# Inclusion of The Yellow Perch



## Bard the Bowman (Oct 24, 2011)

*Inclusion of The Golden Perch*

Okay, let's be frank. _The Golden Perch _served the best beer in the Eastfarthing, so I think it is up there with _The Green Dragon. _I would like to bring forth a petition to remove _The Floating Log _and replace it with _The Yellow Perch_​. Who agrees?


----------



## Bard the Bowman (Nov 6, 2011)

Come on people, vote!! Show your spirit!!!!!


----------



## Prince of Cats (Nov 6, 2011)

Haha, I like the initiative, Bard the Bowman. I don't know how much luck you're going to have disrupting what's become an institution of the TTF, but you sure are thinking! I don't even recall the yellow perch tavern in the text. Can you refresh our memories?


----------



## Bard the Bowman (Nov 6, 2011)

My sincere apologies. It is actually _The *Golden *Perch. _My mistake. How do you change the title of a thread?

Anyway, the hobbits mention it during their Short Cut To 'Shrooms. Here follows an excerpt:

"All right!' said Pippin. 'I will follow you into every bog and ditch. But it is hard! I had counted on passing _The Golden Perch _at Stock before sundown. The best beer in the Eastfarthing, or used to be: it is a long time since I tasted it."

Now, Prince of Cats, I hope that you were not the one who voted "No". I think you want _The Golden Perch _as much as I do. Give the right vote. Don't be afraid.


----------



## David Pence (Nov 8, 2011)

Gosh, golly gee, willikers! I could have sworn I had setup all five 'inns' mentioned in Tolkien's books.

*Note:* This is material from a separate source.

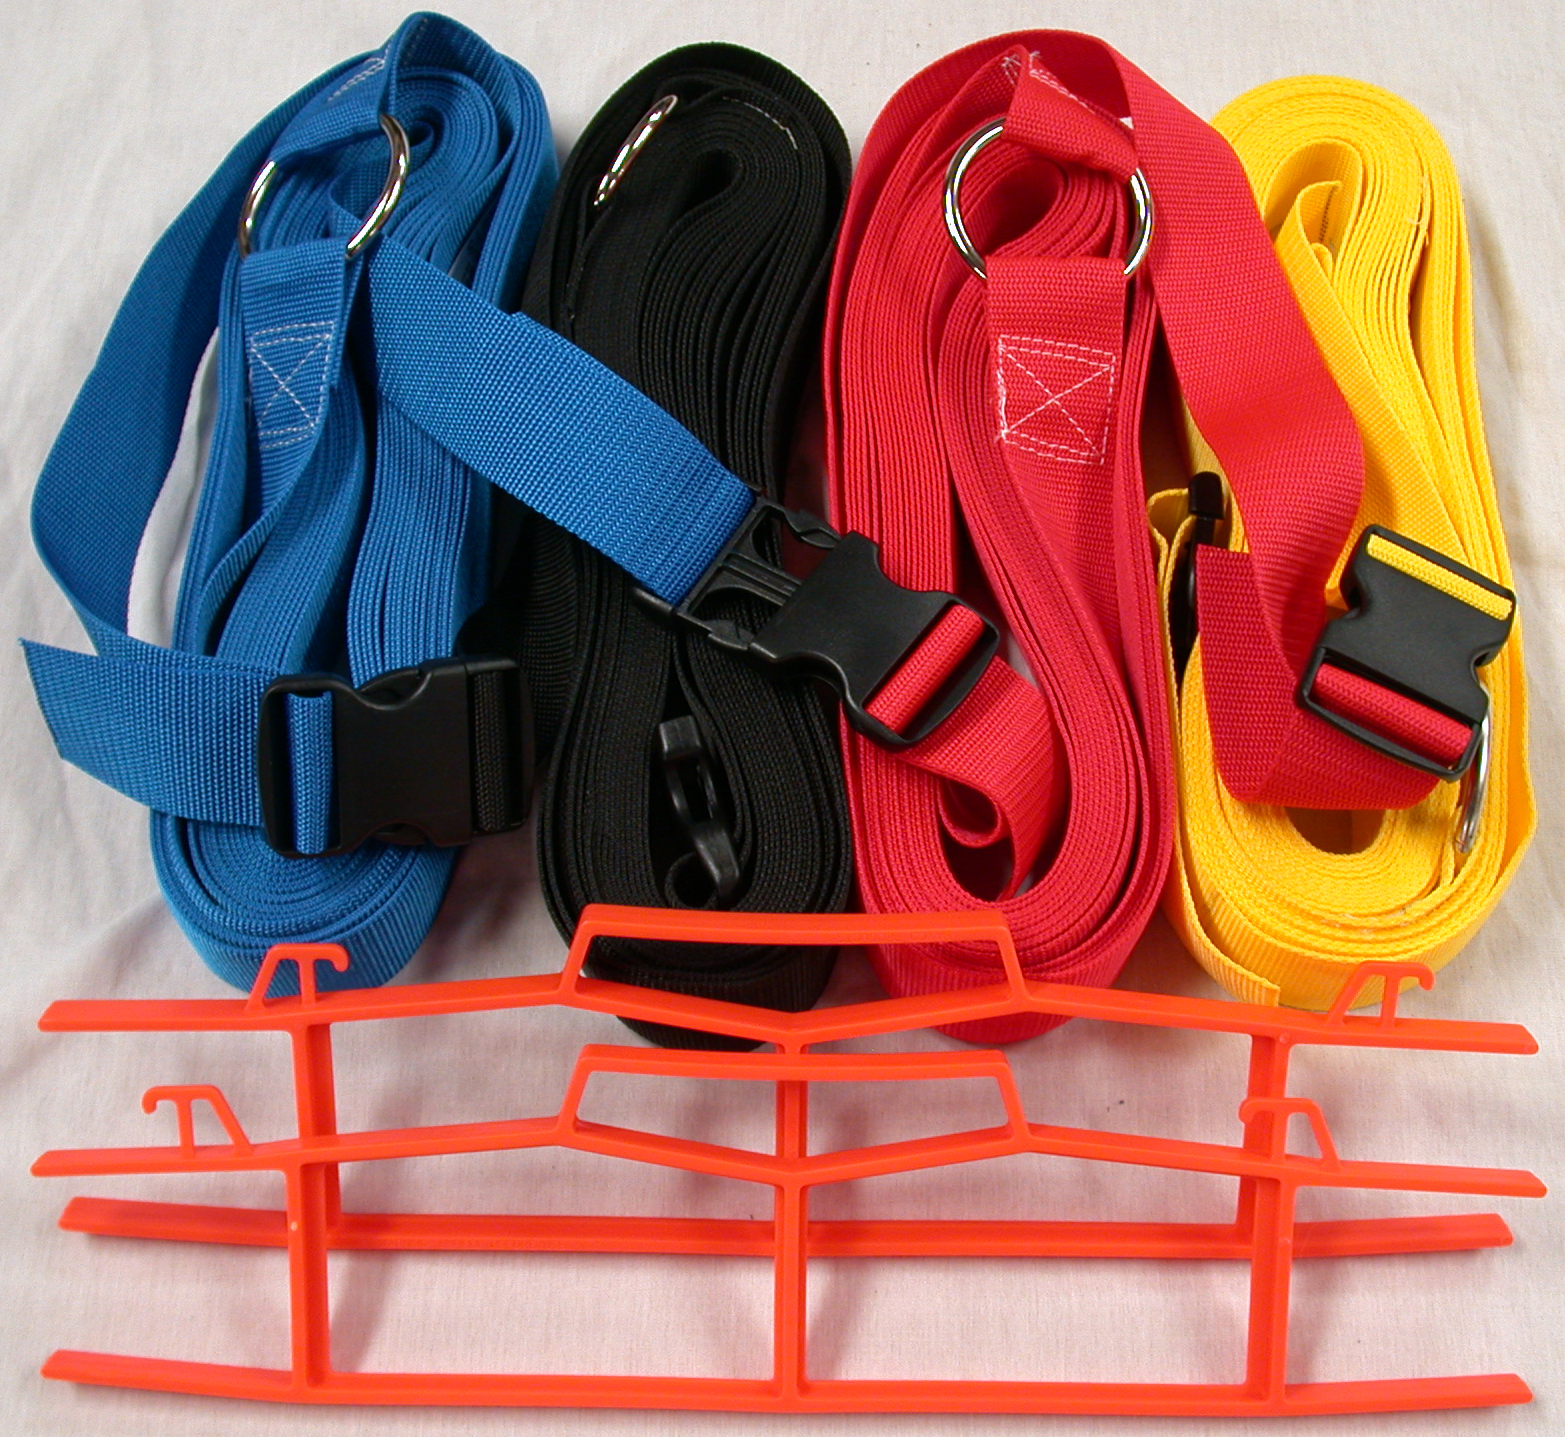 Volleyball Accessories

I vote for putting all those back in, and sorting out what best to do with them later.


----------



## Starbrow (Nov 9, 2011)

Certainly we need to have such an inn.


----------



## Bard the Bowman (Nov 10, 2011)

Then how come you didn't vote Starbrow?


----------



## Starbrow (Nov 10, 2011)

Because my brain had already closed for the day.;*)


----------



## Bard the Bowman (Nov 23, 2011)

So, when can we expect _The Golden Perch _to replace _​The Floating Log?_


----------



## David Pence (Nov 27, 2011)

I've put the Inn's back, um, in. Use them together ... Use them in peace. (What movie is that from quiz fans?)


----------



## Uminya (Nov 28, 2011)

Which now begs the question...what are the Golden Perch and Ivy Bush for, exactly? All of the other Inns have a description, and they seem to cover everything that might be needed...


----------



## Bard the Bowman (Nov 28, 2011)

Patience Ciryaher. I'm sure dapence will reveal his intentions. All in good time. The most important thing was to set them in place.


----------



## Erestor Arcamen (Nov 28, 2011)

dapence said:


> I've put the Inn's back, um, in. Use them together ... Use them in peace. (What movie is that from quiz fans?)


 
That would be *2010: The Year We Make Contact* 

ooh what do I win? what do I win? lol jk


----------



## Uminya (Nov 29, 2011)

Bard the Bowman said:


> Patience Ciryaher. I'm sure dapence will reveal his intentions. All in good time. The most important thing was to set them in place.


 
His intentions were to acquiesce to a request for them, most likely. What do _you_ propose they be used for? As far as I can tell, they're both pointless.


----------



## Bard the Bowman (Nov 29, 2011)

One could, as HLGStrider said, be reserved for discussions on C.S. Lewis's works. However, I suggest that _The Golden Perch, _under my moderation, be home to ideas and scripts and all sorts of things relating to a Silmarillion mini-series.


----------



## Uminya (Nov 29, 2011)

Is there some particular reason one of our existing moderators couldn't moderate the _inevitably bustling_ Golden Perch?


----------



## David Pence (Nov 29, 2011)

Yes, that's a good idea. The Ivy Bush is now dedicating to discussing works by C.S. Lewis.

The Golden Perch now dedicated to discussing works that are clearly inspired by, or have been heavily influenced by (J.K. Rowling for example) the works of J.R.R. Tolkien.


----------